**ACTION ITEM:**
Reproduce exactly the line with "Hot water Bag" and all the lines beneath it, stopping only at the end of the material.

**PROVIDED MATERIAL:**
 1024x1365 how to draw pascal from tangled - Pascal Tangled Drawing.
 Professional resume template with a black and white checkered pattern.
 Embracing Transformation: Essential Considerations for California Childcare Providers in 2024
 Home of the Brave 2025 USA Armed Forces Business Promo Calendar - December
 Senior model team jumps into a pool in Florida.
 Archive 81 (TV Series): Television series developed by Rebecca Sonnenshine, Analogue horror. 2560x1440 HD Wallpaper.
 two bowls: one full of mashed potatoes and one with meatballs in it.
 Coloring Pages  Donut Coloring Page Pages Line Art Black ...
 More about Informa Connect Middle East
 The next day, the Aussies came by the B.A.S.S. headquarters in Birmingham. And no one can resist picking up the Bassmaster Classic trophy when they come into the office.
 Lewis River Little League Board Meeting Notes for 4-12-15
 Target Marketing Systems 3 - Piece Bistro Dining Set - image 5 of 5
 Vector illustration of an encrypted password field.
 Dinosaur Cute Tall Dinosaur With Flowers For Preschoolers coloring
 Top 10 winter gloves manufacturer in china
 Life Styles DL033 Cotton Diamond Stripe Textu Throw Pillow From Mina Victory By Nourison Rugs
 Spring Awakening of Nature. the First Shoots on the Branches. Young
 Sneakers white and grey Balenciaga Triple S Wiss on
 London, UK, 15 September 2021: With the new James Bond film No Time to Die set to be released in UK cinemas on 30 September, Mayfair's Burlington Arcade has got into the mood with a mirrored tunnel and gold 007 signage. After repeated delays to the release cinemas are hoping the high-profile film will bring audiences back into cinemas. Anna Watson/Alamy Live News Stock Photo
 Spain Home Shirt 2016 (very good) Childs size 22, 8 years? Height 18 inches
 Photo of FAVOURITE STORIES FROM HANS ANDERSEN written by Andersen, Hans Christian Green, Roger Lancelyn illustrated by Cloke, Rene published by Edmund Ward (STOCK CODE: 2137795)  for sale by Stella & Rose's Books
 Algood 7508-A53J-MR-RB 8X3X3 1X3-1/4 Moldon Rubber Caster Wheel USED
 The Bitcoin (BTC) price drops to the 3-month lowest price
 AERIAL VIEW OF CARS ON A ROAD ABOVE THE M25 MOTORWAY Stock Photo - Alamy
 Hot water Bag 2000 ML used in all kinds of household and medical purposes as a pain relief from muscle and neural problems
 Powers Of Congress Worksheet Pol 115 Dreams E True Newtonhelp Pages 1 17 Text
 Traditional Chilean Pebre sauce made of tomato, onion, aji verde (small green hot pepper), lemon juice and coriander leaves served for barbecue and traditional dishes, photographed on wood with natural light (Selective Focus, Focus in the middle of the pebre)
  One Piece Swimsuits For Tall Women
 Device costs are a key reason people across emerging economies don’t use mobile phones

**RESPONSE FOR THIS EXERCISE:**
 Hot water Bag 2000 ML used in all kinds of household and medical purposes as a pain relief from muscle and neural problems
 Powers Of Congress Worksheet Pol 115 Dreams E True Newtonhelp Pages 1 17 Text
 Traditional Chilean Pebre sauce made of tomato, onion, aji verde (small green hot pepper), lemon juice and coriander leaves served for barbecue and traditional dishes, photographed on wood with natural light (Selective Focus, Focus in the middle of the pebre)
  One Piece Swimsuits For Tall Women
 Device costs are a key reason people across emerging economies don’t use mobile phones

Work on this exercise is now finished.